### Task details
For the records below, tally the lines that contain "dans" and give only that number.

Dataset entries
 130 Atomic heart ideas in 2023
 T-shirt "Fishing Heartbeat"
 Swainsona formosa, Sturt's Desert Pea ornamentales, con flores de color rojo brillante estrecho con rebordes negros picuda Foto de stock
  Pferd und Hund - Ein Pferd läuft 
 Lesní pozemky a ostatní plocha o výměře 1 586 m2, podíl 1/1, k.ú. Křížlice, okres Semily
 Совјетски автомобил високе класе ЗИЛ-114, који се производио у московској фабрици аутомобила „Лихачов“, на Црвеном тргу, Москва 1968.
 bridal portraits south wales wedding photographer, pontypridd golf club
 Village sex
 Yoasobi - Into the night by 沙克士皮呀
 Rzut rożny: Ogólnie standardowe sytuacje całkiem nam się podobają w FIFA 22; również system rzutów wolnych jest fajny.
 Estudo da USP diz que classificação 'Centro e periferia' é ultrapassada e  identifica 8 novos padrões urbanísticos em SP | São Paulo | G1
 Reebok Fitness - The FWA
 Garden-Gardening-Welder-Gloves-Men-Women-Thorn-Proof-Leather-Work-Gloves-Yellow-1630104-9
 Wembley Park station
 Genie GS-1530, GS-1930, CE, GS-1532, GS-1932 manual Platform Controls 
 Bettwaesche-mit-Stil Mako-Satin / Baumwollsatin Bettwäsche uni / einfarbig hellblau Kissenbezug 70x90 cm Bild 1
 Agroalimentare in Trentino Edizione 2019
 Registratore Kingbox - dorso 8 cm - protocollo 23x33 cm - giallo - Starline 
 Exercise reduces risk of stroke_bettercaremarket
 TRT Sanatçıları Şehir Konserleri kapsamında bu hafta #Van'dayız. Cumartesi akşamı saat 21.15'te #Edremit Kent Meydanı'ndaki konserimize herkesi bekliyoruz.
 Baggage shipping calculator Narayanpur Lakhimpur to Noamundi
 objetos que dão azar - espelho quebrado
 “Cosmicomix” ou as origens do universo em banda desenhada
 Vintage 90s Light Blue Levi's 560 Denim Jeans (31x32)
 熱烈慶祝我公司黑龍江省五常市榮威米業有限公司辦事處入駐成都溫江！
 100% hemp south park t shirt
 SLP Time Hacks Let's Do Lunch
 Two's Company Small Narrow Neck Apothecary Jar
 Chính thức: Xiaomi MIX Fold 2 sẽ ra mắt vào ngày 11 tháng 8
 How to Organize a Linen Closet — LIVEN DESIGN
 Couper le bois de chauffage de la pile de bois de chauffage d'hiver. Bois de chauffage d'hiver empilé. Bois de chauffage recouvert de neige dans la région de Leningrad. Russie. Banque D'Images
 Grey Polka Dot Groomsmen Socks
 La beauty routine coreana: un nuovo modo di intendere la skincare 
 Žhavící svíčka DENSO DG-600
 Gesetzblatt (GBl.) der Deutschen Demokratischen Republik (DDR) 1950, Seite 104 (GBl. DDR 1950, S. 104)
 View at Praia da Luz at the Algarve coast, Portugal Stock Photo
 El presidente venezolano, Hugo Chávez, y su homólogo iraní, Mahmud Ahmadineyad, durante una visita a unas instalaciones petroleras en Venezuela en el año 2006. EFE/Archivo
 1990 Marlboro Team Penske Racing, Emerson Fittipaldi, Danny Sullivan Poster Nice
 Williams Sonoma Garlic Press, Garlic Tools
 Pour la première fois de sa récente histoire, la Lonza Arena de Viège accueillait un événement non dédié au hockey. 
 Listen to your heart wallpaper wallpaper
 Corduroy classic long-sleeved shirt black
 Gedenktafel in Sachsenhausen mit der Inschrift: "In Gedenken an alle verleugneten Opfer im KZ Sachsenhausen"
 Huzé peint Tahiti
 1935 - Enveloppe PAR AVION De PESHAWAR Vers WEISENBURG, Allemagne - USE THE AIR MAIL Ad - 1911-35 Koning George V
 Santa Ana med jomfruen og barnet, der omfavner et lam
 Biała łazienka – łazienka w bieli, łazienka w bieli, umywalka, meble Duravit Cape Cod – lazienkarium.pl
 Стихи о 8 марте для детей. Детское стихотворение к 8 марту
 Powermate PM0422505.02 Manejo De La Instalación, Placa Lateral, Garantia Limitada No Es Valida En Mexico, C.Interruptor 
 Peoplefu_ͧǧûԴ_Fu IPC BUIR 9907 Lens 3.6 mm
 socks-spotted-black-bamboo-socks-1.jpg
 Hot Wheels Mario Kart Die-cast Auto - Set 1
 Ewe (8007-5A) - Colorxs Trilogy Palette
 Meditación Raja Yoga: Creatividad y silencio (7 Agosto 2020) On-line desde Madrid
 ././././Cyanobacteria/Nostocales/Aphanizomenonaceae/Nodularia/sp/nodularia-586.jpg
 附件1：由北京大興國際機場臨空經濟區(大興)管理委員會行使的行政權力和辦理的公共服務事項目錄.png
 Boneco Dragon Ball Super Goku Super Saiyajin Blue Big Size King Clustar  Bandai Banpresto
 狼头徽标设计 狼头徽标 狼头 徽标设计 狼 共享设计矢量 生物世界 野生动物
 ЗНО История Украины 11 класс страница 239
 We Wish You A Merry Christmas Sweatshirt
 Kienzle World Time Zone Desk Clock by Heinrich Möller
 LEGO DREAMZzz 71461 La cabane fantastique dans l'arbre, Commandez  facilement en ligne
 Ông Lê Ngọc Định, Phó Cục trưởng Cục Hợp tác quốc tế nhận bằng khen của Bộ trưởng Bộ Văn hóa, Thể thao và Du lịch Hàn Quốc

### Task answer
2